# 30 Days Data Analysis Challenge
## PART 1: Databases and SQL

### 1. What is Data?

- Data are observations or measurements (unprocessed or processed) represented as text, numbers, or multimedia.
- Raw facts in which usefull information can be derived from.

### 2. What is Information??
- Information is created when data are processed, organized, or structured to provide context and meaning.
- Information is essentially processed data.

### 3. Whats a Dataset??
- A dataset is a structured collection of data generally associated with a unique body of work (Entity)

- We have two types.

  i) Structred Datasets -
  ii) Unstructured Datasets -

### 4. What is a Database??
- A database is an organized collection of data stored as multiple datasets..Think of it as a storage repository for data.
- We can have Relational and Non Relational Databases depending of the nature of the data being stored in the database


### 5. What is SQL

- SQL stands for Structured Query language...
- Its a 4th generation language which means that the programmer specifies what needs to be done, but not how.
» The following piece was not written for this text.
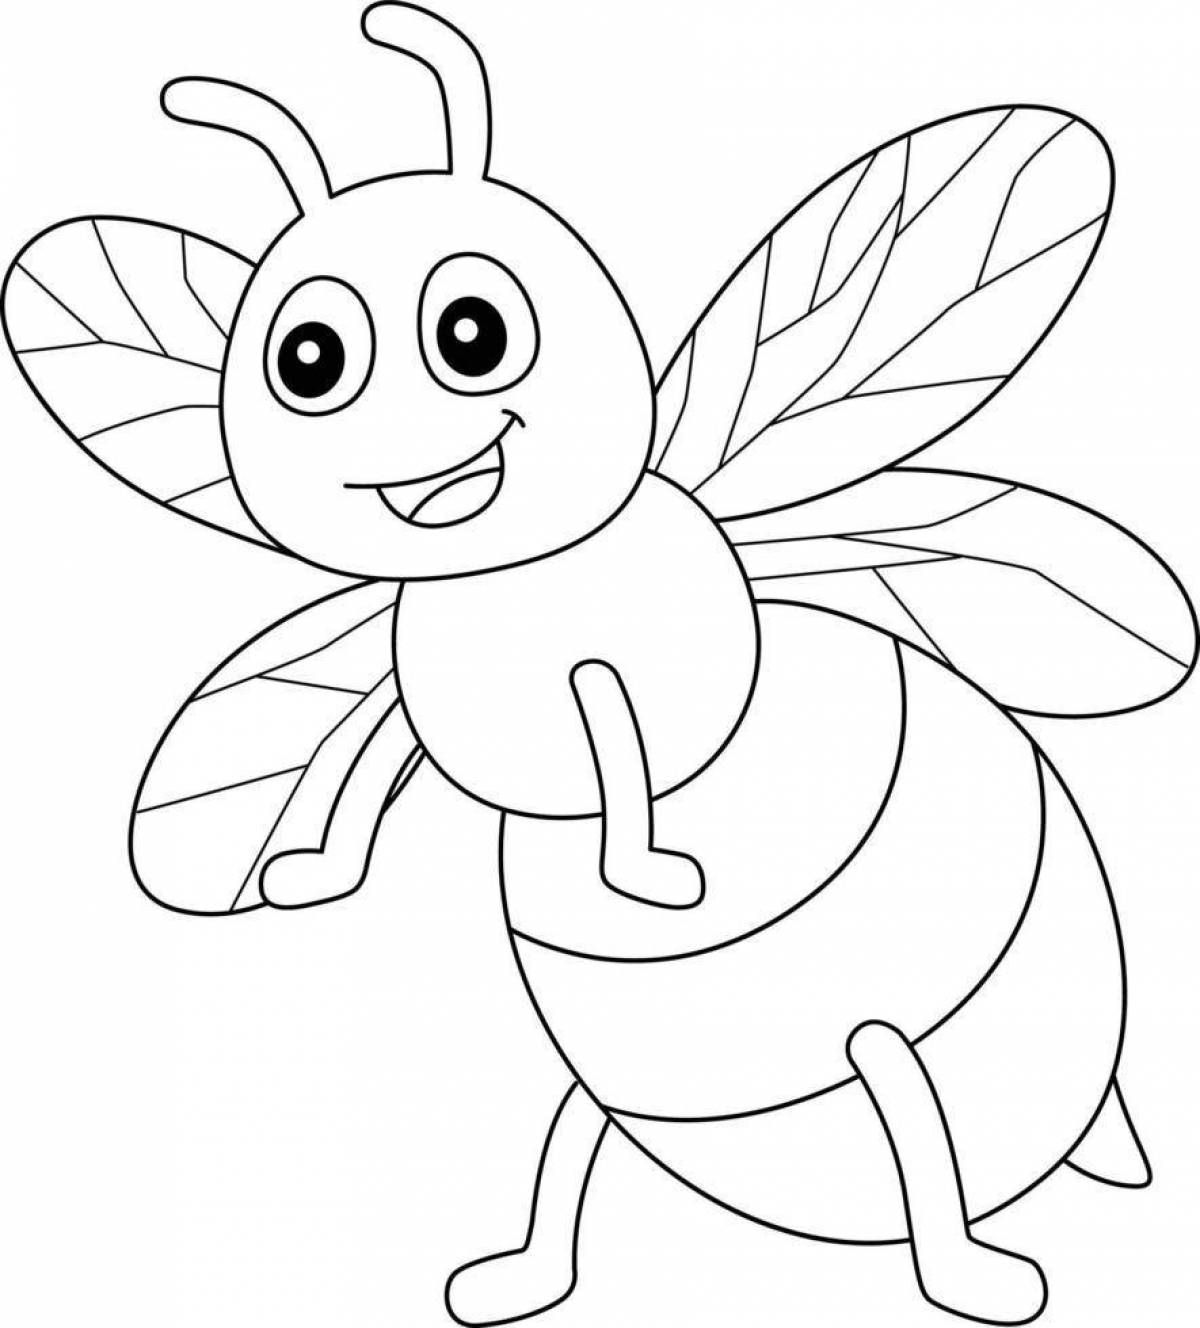 Раскраска веселая пчелка для детей 3-4 лет

It helps us interact with data stored in relational databases. Reading, Writing and other transformations

## Using Notebook Environments to Interact with SQL

## Learning Objectives

In this session, you will learn:
- How to setup a SQL environment in jupyter notebooks, particularly:
    - Serverless SQL - connecting to a database file (SQLite)
    - Client-server SQL - connecting to a database in a SQL server (MySQL)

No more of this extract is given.